(COLLECTED MATERIAL begins)
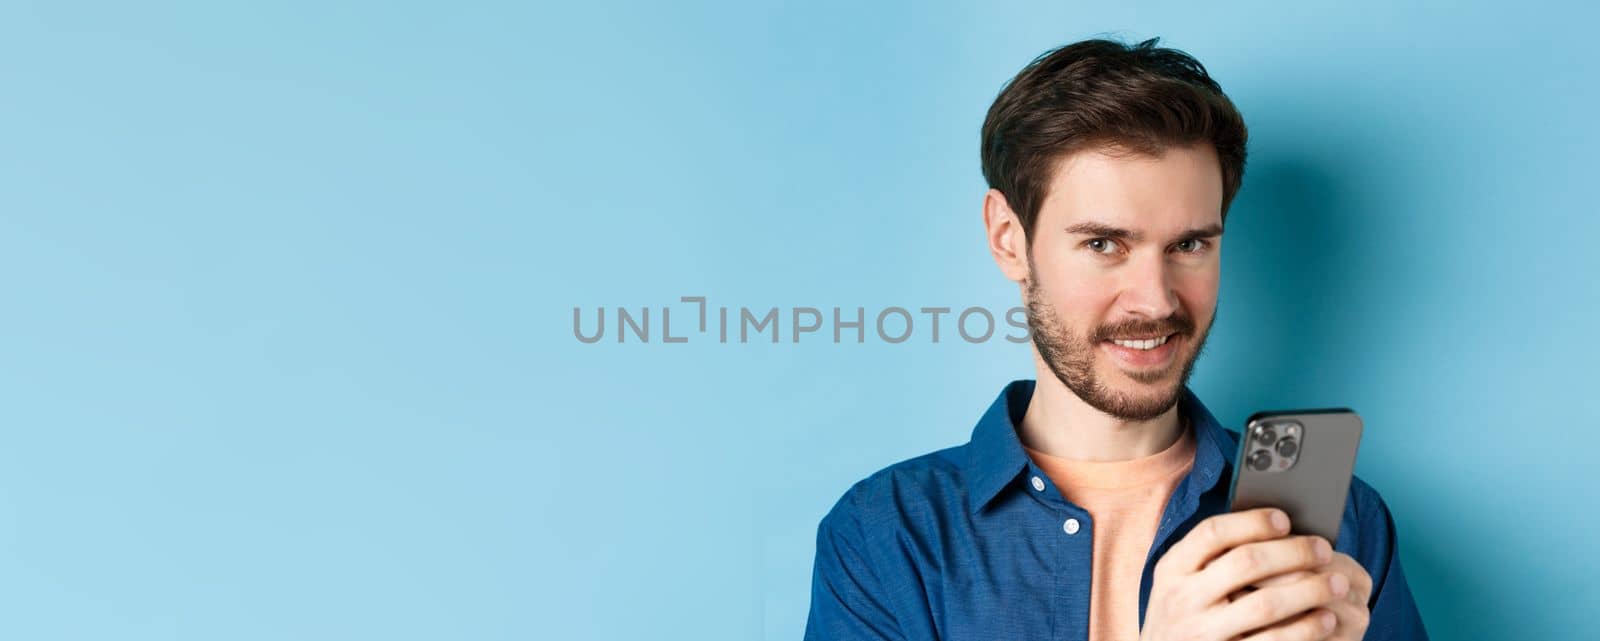 Close-up of attractive caucasian man holding mobile phone and smiling at camera, standing in casual outfit on blue background.
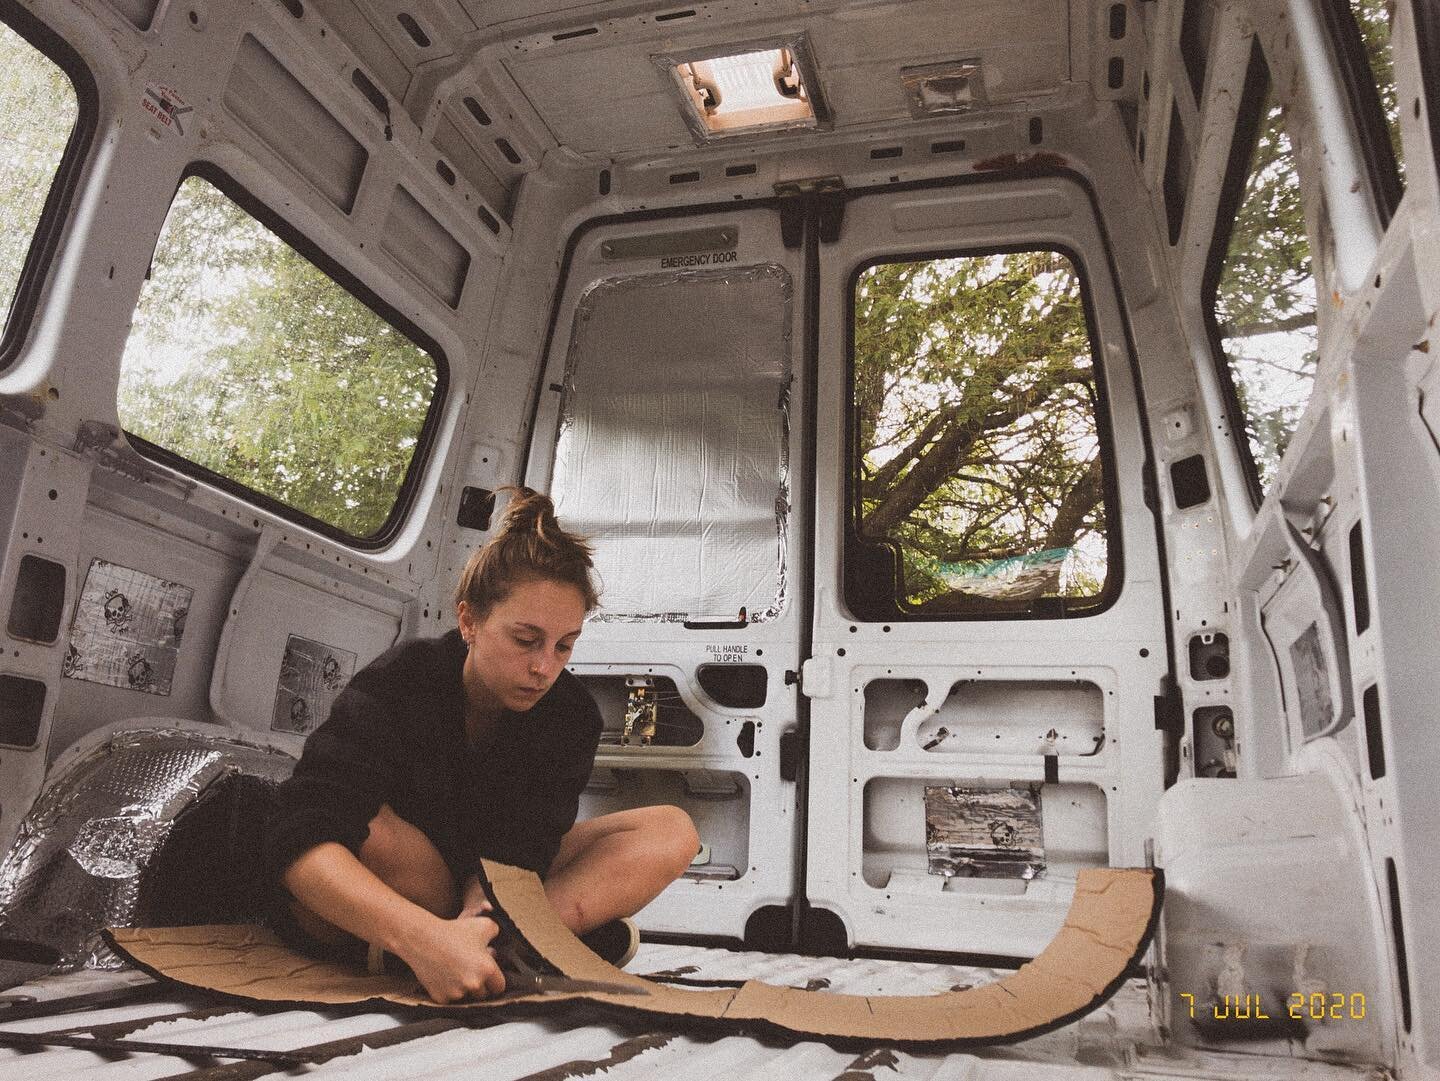 Cutting all our closed cell foam insulation to fit on the roof and around our vents! 

This stuff has been so great to work with, easy to cut with heavy duty scissors ✂️ and self adhesive so perfect for sticking across the roof 🚐

#vanbuild #vanconv
(COLLECTED MATERIAL ends)
EXERCISE DETAILS
Pictures are not part of the copy. Please reproduce the material word for word.

RESPONSE
 Close-up of attractive caucasian man holding mobile phone and smiling at camera, standing in casual outfit on blue background.
 Cutting all our closed cell foam insulation to fit on the roof and around our vents! 

This stuff has been so great to work with, easy to cut with heavy duty scissors ✂️ and self adhesive so perfect for sticking across the roof 🚐

#vanbuild #vanconv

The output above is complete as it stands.